Утес сказал то же самое о Скорби – воительнице, которую Лун считал своей матерью. Но ее можно было понять – она взяла себе имя Скорбь из-за того, что ее двор был уничтожен и она осталась одна с четырьмя маленькими арборами и птенцом-консортом, о которых ей пришлось заботиться. Но воин, покинувший свой двор и назвавший себя Расколом…

– Я знаю. Я знаю, что не могу ему доверять.

Елея продолжала внимательно смотреть на него.

– А нам ты доверяешь?

Лун не мог ей ответить. Возможно, он им не доверял. Возможно, он лишь притворялся, что они – его семья, играл роль, но в глубине души не верил в это. «Это бы многое объяснило, – сказал он сам себе. – Например, почему ты продолжаешь вести себя как идиот».

Елея с сожалением покачала головой.

– Иногда кажется, что нет. Неужели ты думал, что мы бы позволили той крикливой королеве-малолетке из Изумрудных Сумерек тронуть тебя?

Ему тогда даже и в голову не пришло, что они бы его защитили. От Скверна, или хищника, или другого общего врага – да, но не от королевы раксура, пусть даже и из чужого двора. От осознания этого Луну стало неловко.

Его молчание сказало Елее все, что ей нужно было знать. Она вздохнула, сочувственно сжала его колено, затем поднялась на ноги и ушла.

Звон разминулся с ней в дверях, и Лун сгорбил плечи, чувствуя, что его не оставят в покое.

– Только не говори, что она права. Я и так это знаю.

– Я собирался сказать вовсе не это. – Звон сел, неловко устроившись на побитых плитах. – Но она права.

Лун потер лоб – от напряжения и длинной ночи, проведенной под землей, у него заболела голова.

– А что ты собирался сказать?

– Ничего. Я просто… не хочу тревожить Цветику. Особенно сейчас, когда она пытается поговорить с Утесом.

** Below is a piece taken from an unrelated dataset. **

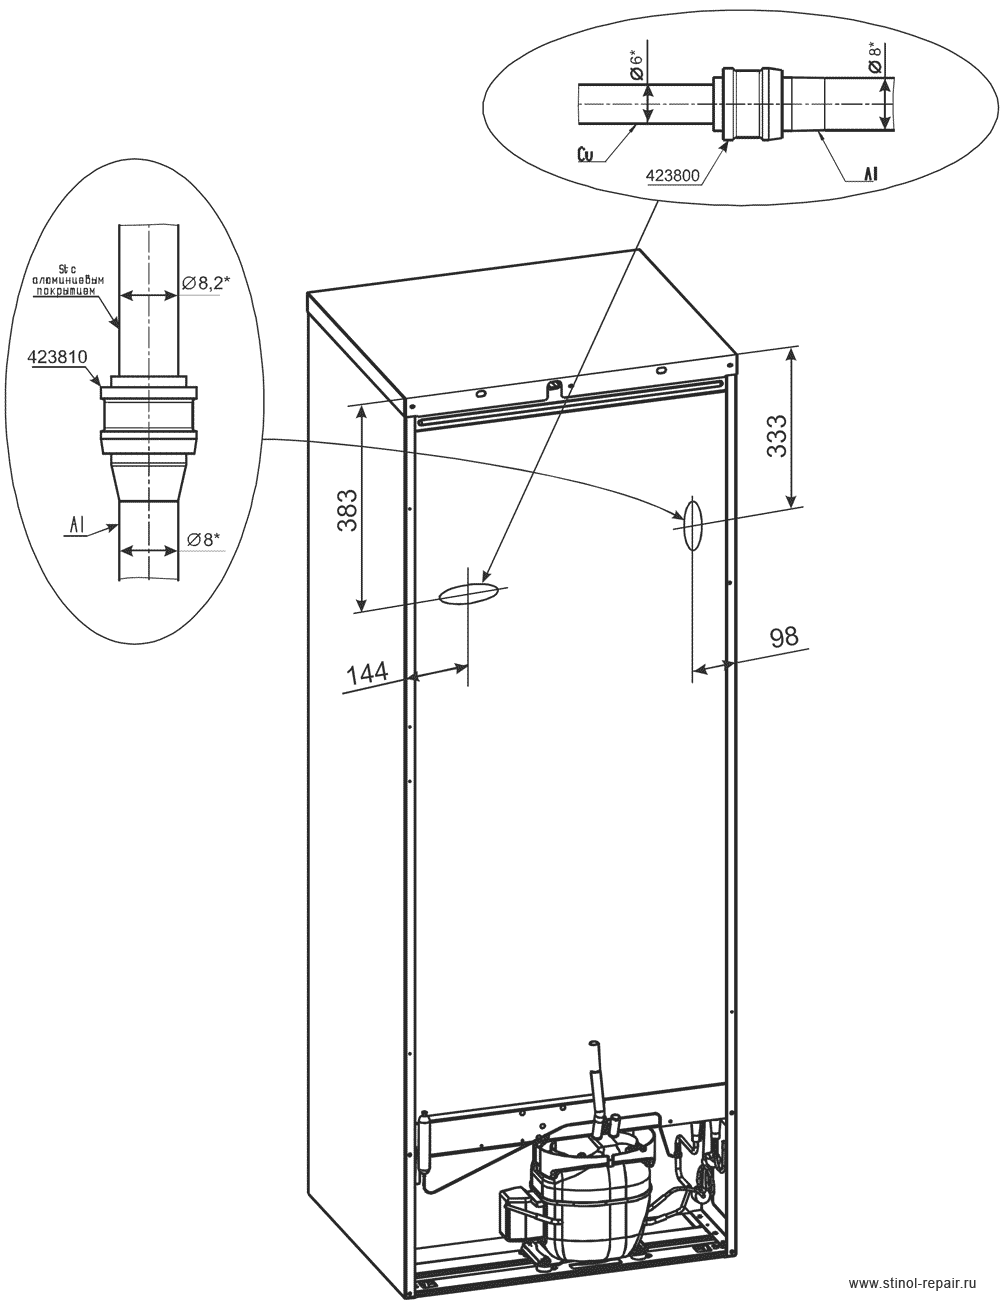 Расположение локринговых соединений холодильника Стинол-232Q - первоначальный вариант.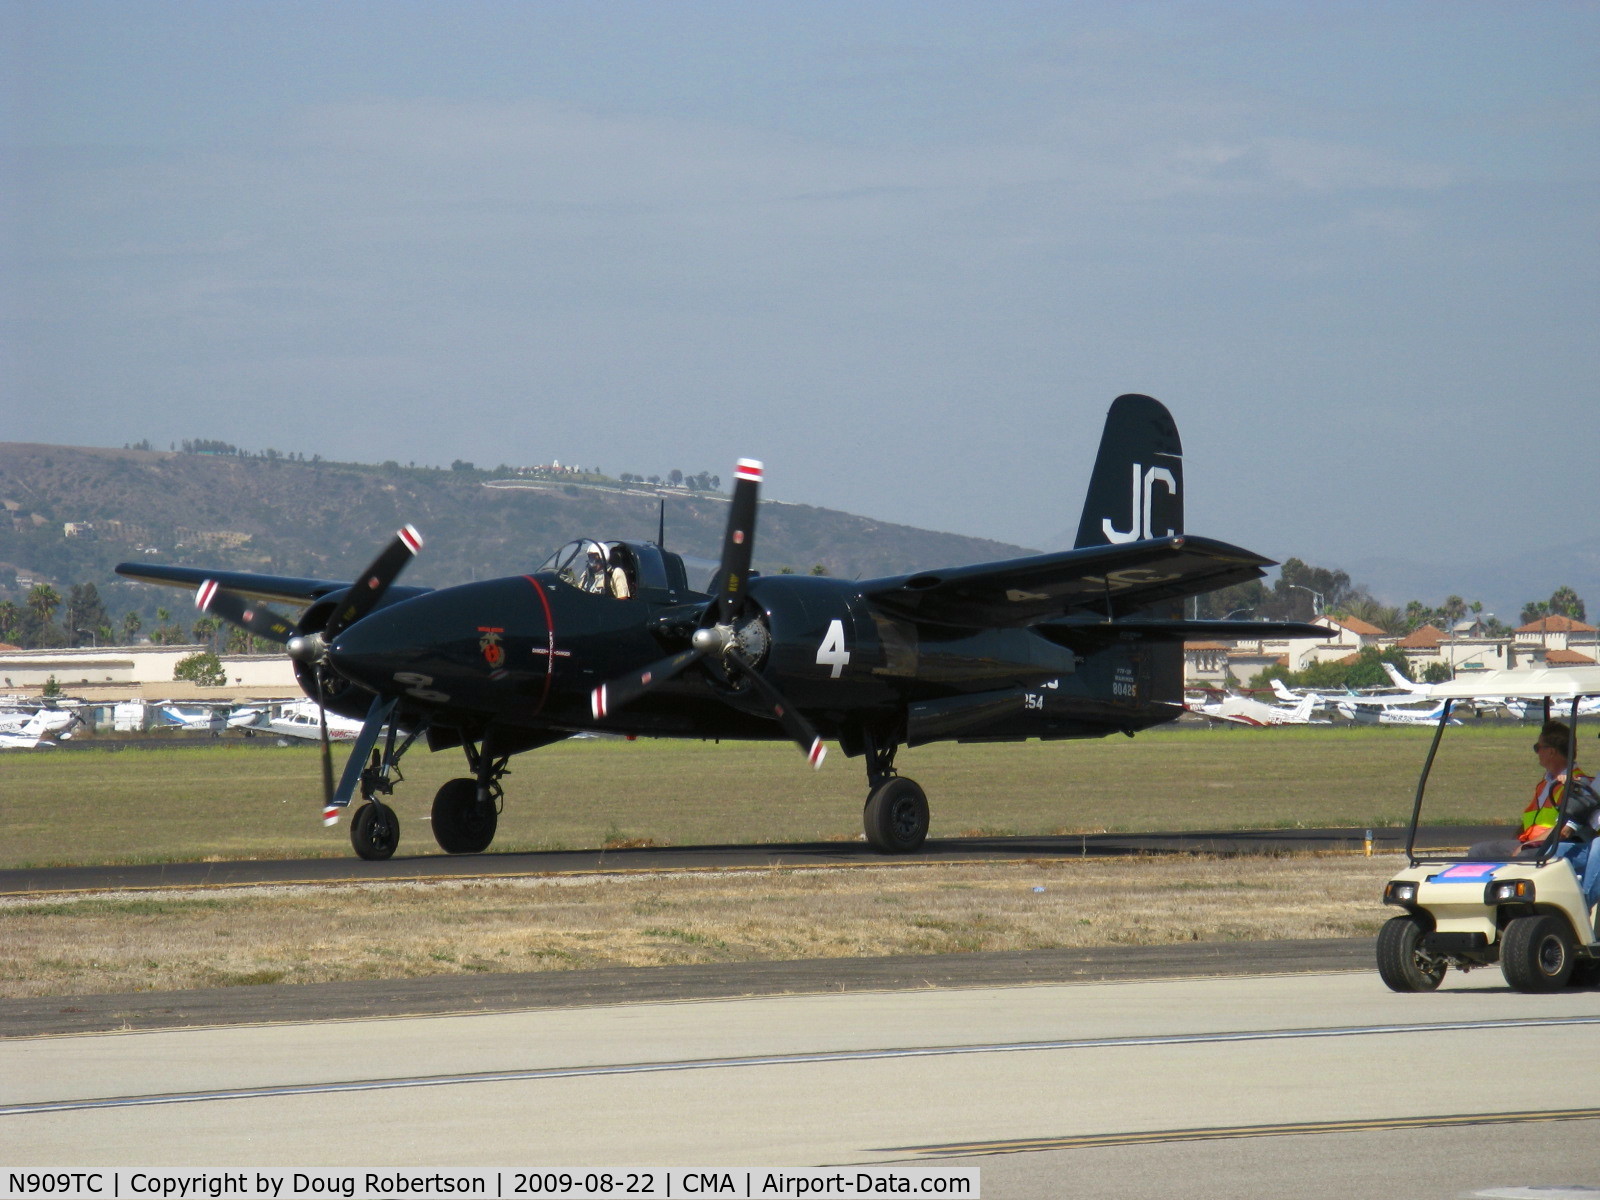 N909TC, 1945 Grumman F7F-3P Tigercat C/N 80425, 1945 Grumman F7F-3 TIGERCAT, two P&W R2800-34 Double Wasps 2,100 Hp each, taxi

Лун подавил в себе всплеск угрызений совести при упоминании Утеса.

– Чем ты не хочешь ее тревожить?

Звон вздохнул.

– Меня все время преследуют какие-то… странные ощущения.

– Это какие?

Звон неопределенно махнул рукой.

– Я будто бы чувствую, как движется вода, а еще… холод, и тяжесть, и камни. Я дергаюсь, мне кажется, будто я вижу проблески чего-то, но они исчезают прежде, чем я успеваю на них посмотреть. Эти ощущения приходят и уходят наплывами – и это хорошо, потому что иначе я бы уже из ума выжил.

Это точно звучало странно.

– Когда это началось?

– Незадолго до рассвета, когда мы приземлились на этом существе. – Звон пожал плечами; ему явно было не по себе при мысли о том, что он, возможно, каким-то образом ощущает то же, что и левиафан. – Знаю. Если это совпадение, то очень необычное.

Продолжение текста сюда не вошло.